The invention provides a kind of pedestrian's recognition methods again compared based on image and video cross-module state, corresponds to the video of personage in the query image containing input for being retrieved from multiple videos, comprises the following steps:The configurable depth model of S1, structure;S2, training sample is obtained, and training sample is inputted in depth model, to be trained to depth model;Learn each several part parameter of the depth model of structure using forwards algorithms and backward algorithm;S3, the parameter obtained using S2 learnings are initialized to depth model;Query image to be measured and multiple videos are inputted into depth model, similarity measurement of each video respectively with the query image is calculated by depth model;It S4, will list with video of the similarity measurement of the query image higher than a threshold value, and be ranked up according to the size of similarity measurement.The present invention is realized the pedestrian compared based on image with video cross-module state and identified again on the premise of degree of precision is ensured.

Description

A kind of pedestrian's recognition methods again compared based on image and video cross-module state
Technical field
The present invention relates to computer vision and area of pattern recognition, and in particular to one kind is based on image and video cross-module state ratio To pedestrian's recognition methods again.
Background technology
Pedestrian's weight identification technology is the important basic research problem of computer vision field one.Pedestrian identifies origin again In personage's tracking technique of video field.When tracked personage's video camera shooting area away from keyboard, when its reenter by , it is necessary to be identified again during shooting area, and ID as before is distributed for it.With extensively should for video monitoring With being received more and more attention about the research that pedestrian identifies again.At present, pedestrian identifies and is not limited under single visual angle again Same person identification, more common situation refers to that the personage under different time, different visual angles identifies again.

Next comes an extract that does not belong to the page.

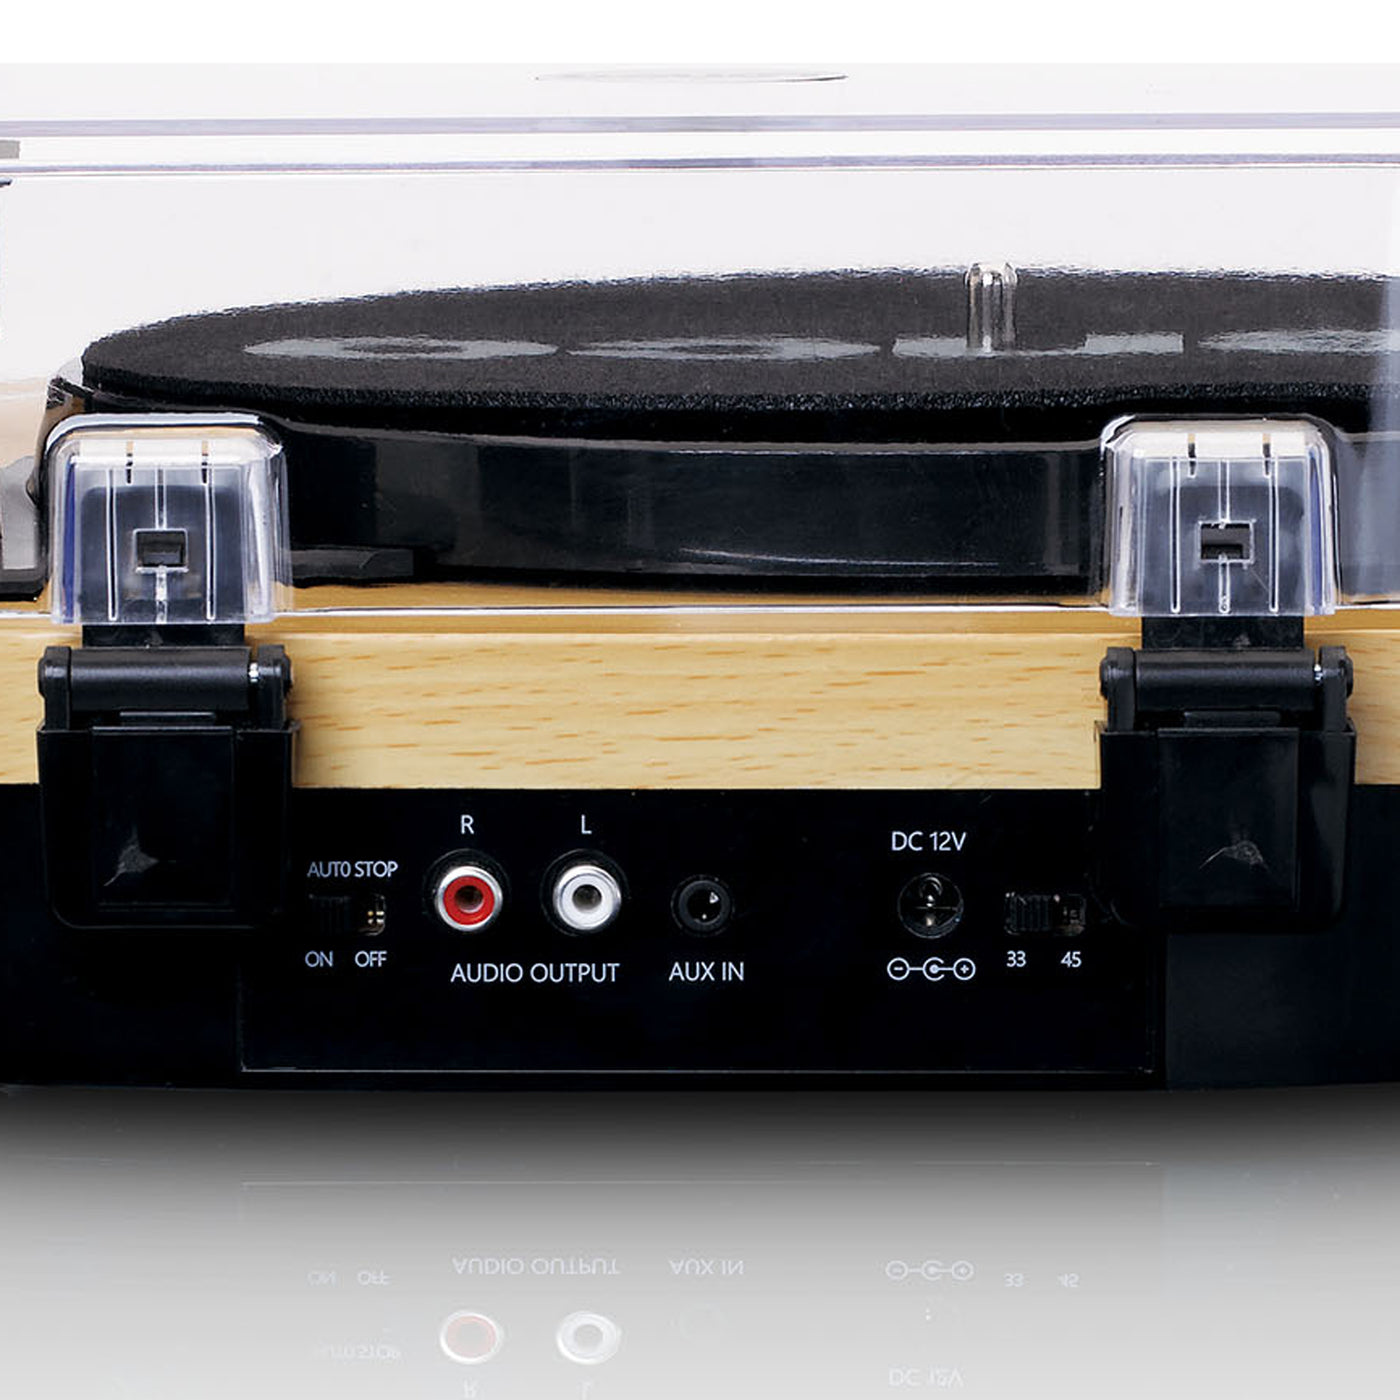 LENCO LS-40WD - Gramofon z wbudowanymi głośnikami - Drewno

The most of method for being confined to compare based on similitude between image of research identified again on pedestrian at present.Input Inquiry be image, and search for database be similarly by image construction.Although carry out on the research that pedestrian identifies again For a long time, while also made significant headway, but the problem is still a very challenging research topic. Its chief reason is due to the difference between existing illumination, angle, background between different cameras, along with personage The change of posture, same person have very big difference in appearance in the photo that different cameras obtains.
With the quickening of smart city pace of construction, we can easily obtain the monitor video comprising people information. In criminal investigation and safety-security area, the monitor video of the personage is included as a kind of new demand quilt according to the human image retrieval of input It is proposed.Compared with the image of static state, video bag contains more abundant people information, can preferably portray the feature of personage.Together When, the image of multiframe is included in video, for the single image of static state, it can be preferably tackled in the presence of the feelings blocked Condition.Further, since video is the set of successive image frame, its continuous dynamic space time information included, can be used for aiding in The identification of personage.Therefore, identify it is a kind of more natural mode again using video information to carry out pedestrian.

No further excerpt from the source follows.